= Data to process =
··········
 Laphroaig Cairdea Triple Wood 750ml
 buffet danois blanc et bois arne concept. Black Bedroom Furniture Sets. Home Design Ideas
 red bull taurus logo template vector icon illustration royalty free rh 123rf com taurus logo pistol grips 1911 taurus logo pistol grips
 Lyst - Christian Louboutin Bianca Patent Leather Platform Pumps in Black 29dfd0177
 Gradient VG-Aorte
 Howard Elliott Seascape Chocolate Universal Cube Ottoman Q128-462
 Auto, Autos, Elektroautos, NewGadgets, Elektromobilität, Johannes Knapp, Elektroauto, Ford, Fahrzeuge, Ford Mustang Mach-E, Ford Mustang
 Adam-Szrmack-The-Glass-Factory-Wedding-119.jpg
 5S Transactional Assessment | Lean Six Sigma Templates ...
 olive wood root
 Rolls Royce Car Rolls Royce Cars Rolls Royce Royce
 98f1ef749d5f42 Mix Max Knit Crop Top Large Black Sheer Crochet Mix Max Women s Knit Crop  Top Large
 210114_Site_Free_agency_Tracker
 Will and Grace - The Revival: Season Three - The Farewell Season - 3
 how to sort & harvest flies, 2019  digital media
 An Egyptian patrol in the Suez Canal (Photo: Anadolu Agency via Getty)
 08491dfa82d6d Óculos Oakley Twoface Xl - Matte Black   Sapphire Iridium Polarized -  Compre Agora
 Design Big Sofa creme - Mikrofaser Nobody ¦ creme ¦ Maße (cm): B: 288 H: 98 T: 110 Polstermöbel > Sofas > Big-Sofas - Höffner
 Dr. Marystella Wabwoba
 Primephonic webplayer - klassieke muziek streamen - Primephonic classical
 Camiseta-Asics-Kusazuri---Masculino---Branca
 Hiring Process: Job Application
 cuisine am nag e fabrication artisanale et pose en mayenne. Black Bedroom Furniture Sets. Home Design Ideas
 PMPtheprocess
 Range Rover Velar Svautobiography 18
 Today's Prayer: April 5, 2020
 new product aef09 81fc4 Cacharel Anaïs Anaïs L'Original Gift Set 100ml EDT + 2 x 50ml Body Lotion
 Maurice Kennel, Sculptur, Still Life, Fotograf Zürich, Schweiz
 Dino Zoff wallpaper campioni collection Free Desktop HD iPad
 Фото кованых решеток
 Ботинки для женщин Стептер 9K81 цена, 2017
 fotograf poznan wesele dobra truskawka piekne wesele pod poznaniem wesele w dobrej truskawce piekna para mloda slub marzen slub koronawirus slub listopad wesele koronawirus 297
··········
= Work order =
Both the first line of the data above and the line with "Hiring Process: Job Application" must be included; please return exactly those lines and the ones between them.

= Final answer =
 Laphroaig Cairdea Triple Wood 750ml
 buffet danois blanc et bois arne concept. Black Bedroom Furniture Sets. Home Design Ideas
 red bull taurus logo template vector icon illustration royalty free rh 123rf com taurus logo pistol grips 1911 taurus logo pistol grips
 Lyst - Christian Louboutin Bianca Patent Leather Platform Pumps in Black 29dfd0177
 Gradient VG-Aorte
 Howard Elliott Seascape Chocolate Universal Cube Ottoman Q128-462
 Auto, Autos, Elektroautos, NewGadgets, Elektromobilität, Johannes Knapp, Elektroauto, Ford, Fahrzeuge, Ford Mustang Mach-E, Ford Mustang
 Adam-Szrmack-The-Glass-Factory-Wedding-119.jpg
 5S Transactional Assessment | Lean Six Sigma Templates ...
 olive wood root
 Rolls Royce Car Rolls Royce Cars Rolls Royce Royce
 98f1ef749d5f42 Mix Max Knit Crop Top Large Black Sheer Crochet Mix Max Women s Knit Crop  Top Large
 210114_Site_Free_agency_Tracker
 Will and Grace - The Revival: Season Three - The Farewell Season - 3
 how to sort & harvest flies, 2019  digital media
 An Egyptian patrol in the Suez Canal (Photo: Anadolu Agency via Getty)
 08491dfa82d6d Óculos Oakley Twoface Xl - Matte Black   Sapphire Iridium Polarized -  Compre Agora
 Design Big Sofa creme - Mikrofaser Nobody ¦ creme ¦ Maße (cm): B: 288 H: 98 T: 110 Polstermöbel > Sofas > Big-Sofas - Höffner
 Dr. Marystella Wabwoba
 Primephonic webplayer - klassieke muziek streamen - Primephonic classical
 Camiseta-Asics-Kusazuri---Masculino---Branca
 Hiring Process: Job Application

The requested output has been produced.